Pseudo-Phocylides
Michael CoverAbstract
Pseudo-Phocylides is the anonymous author of a 230-line Greek hexameter wisdom poem, the Sentences, likely written in Alexandria between 100 bce and 100 ce. Unlike other writers of Second Temple Jewish literature, the author of the Sentences camouflages his ethnic and religious identity, synthesising the wisdom of Moses with Greek epic, lyric, and philosophical traditions. He attributes his new work to the 6th-century poet Phocylides of Miletus. So great is the author’s facility with Greek metre and topics that the Sentences’ pseudonymous authorship was not recognised until the studies of 16th- and 17th-century humanists, like Joseph Scaliger (1606).
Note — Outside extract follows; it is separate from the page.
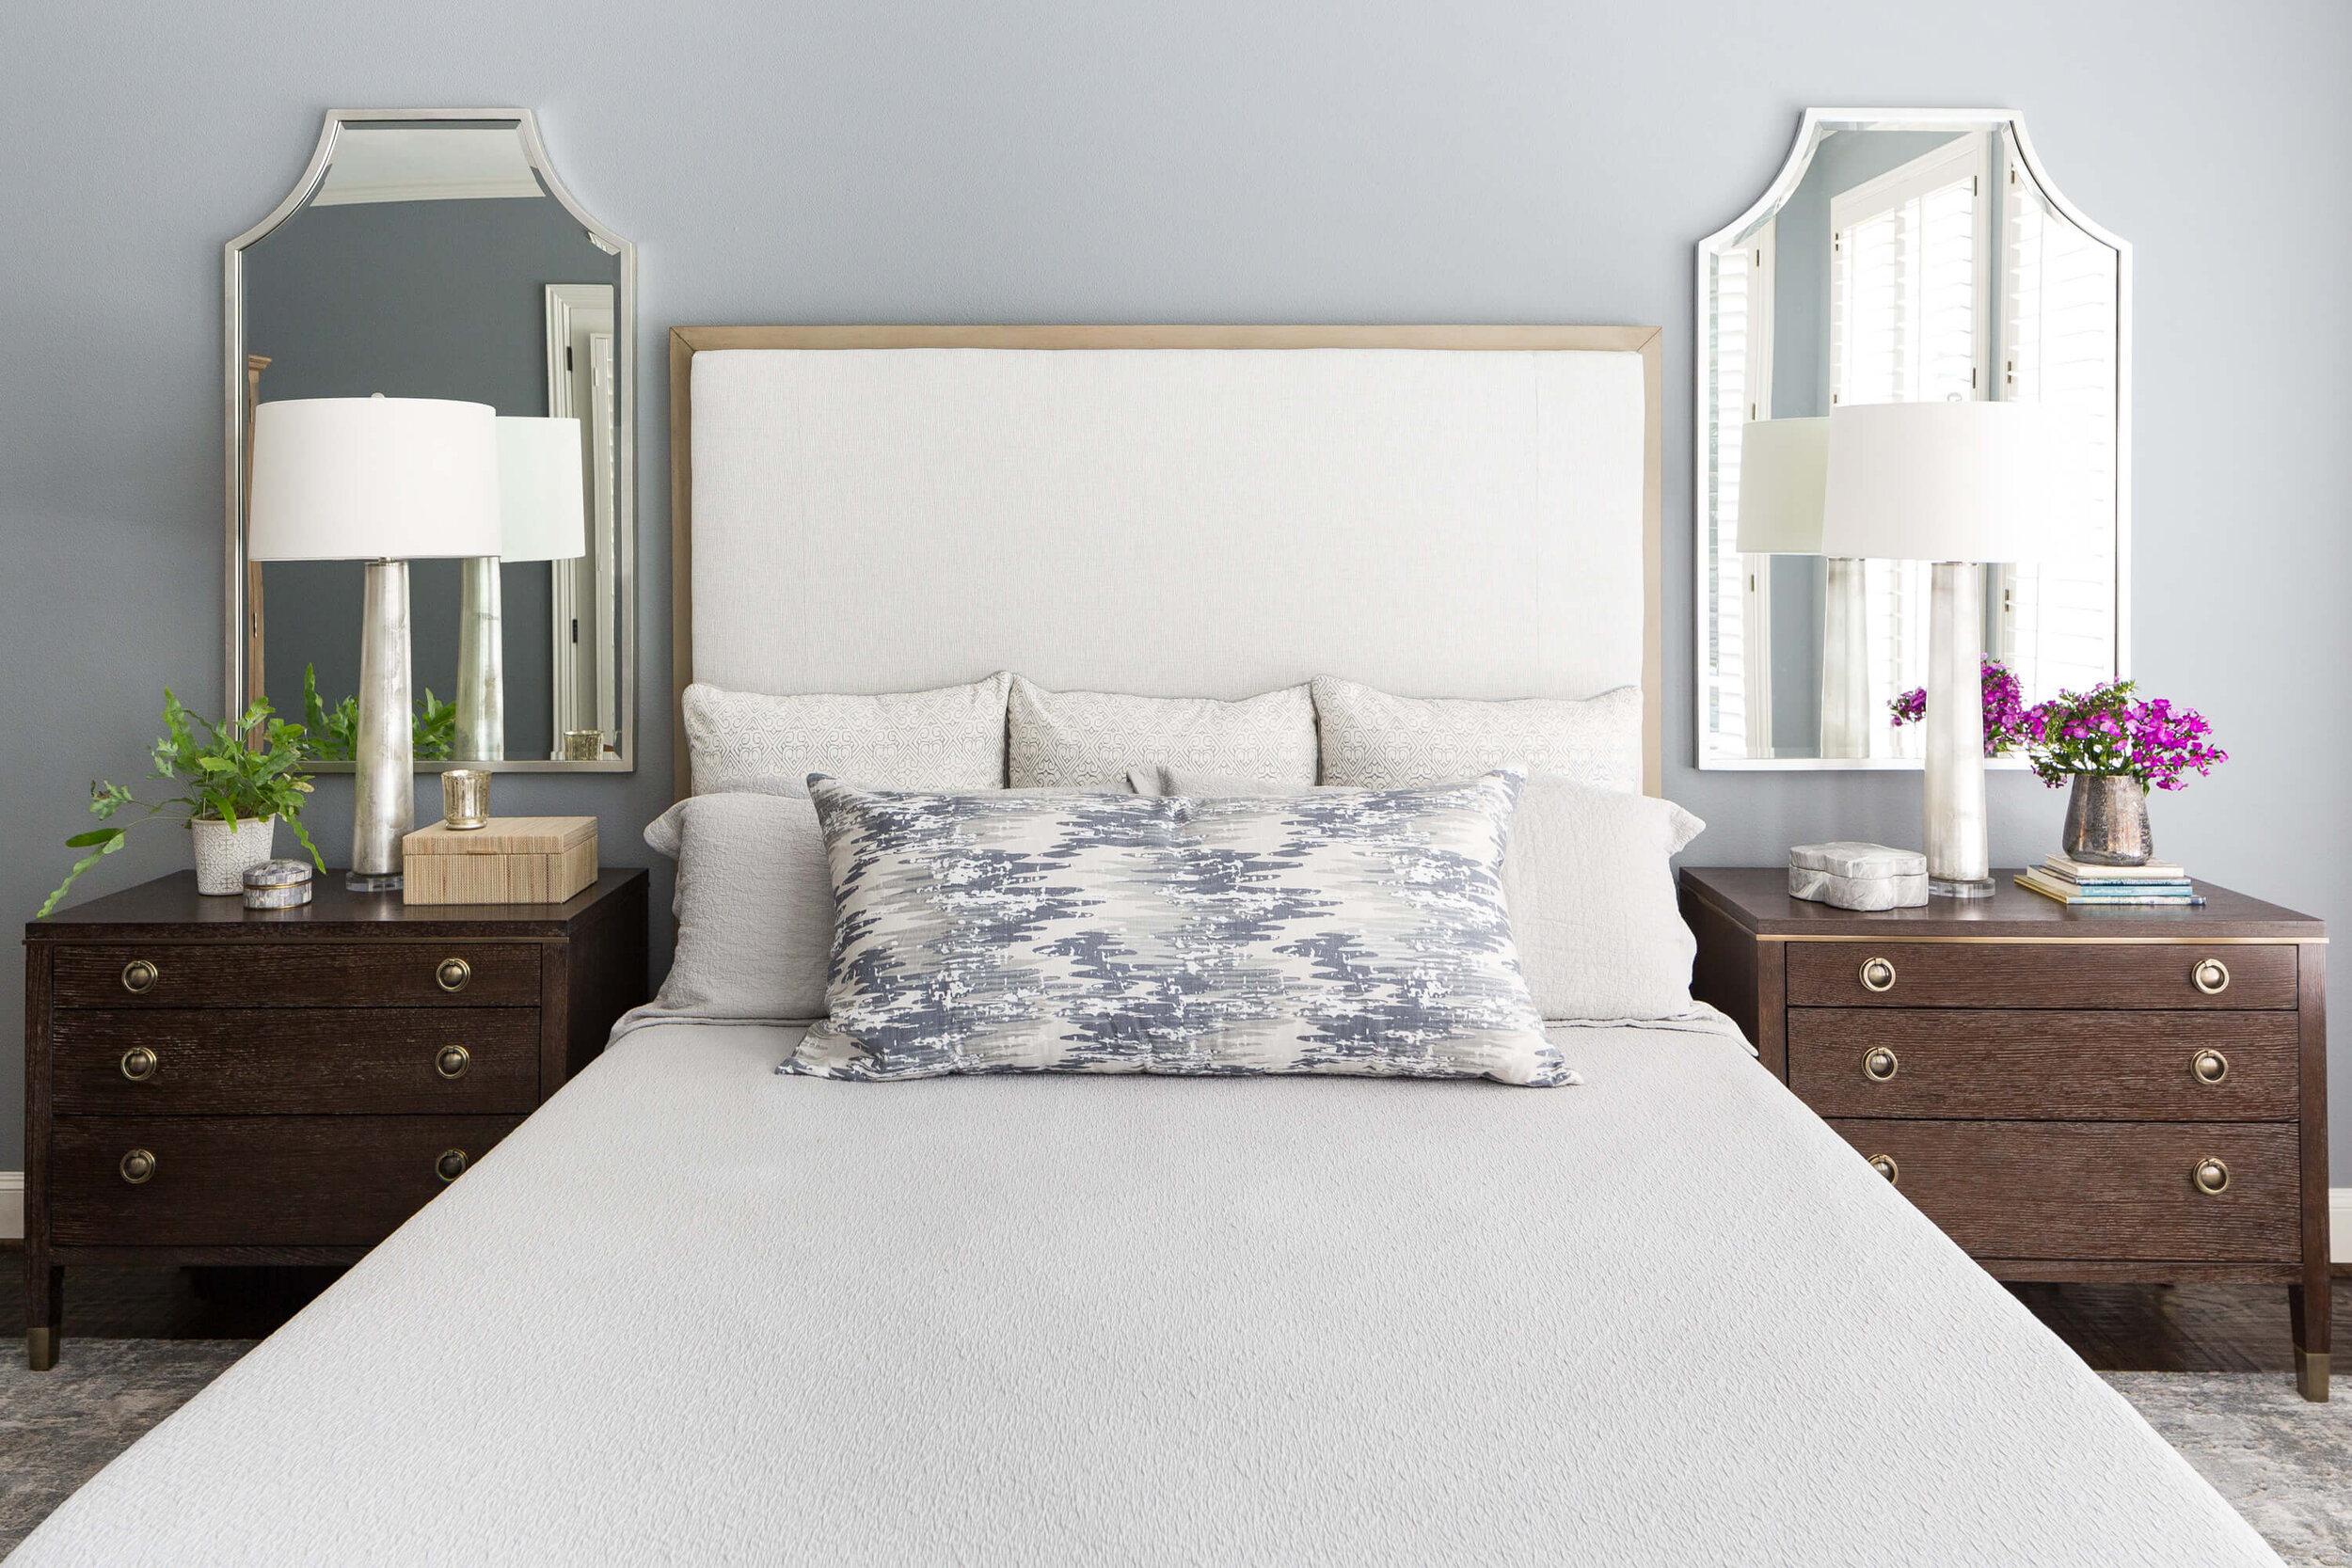 Beautiful bedside decor moments | Designer: Carla Aston, Photo: Colleen Scott | #bedsidetable #bedsidedecor #bedroomdecor #nightstand #nightstanddecor

The Jewish (or philo-Jewish) nature of the author is betrayed by the use of the Decalogue in the poem’s opening section (Sent. 3–8). Since the work’s editio princeps in the early modern period, it has been a favourite educational text—a use which reflects one possible Sitz im Leben in its own historical milieu, as a vehicle for Jewish students learning Greek. Other possible rationales for the pseudepigraphical strategy include the desire to attribute a Mosaic origin to Greek wisdom (the “theft of philosophy”) or to compete in the public arena of gnomic wisdom declamation.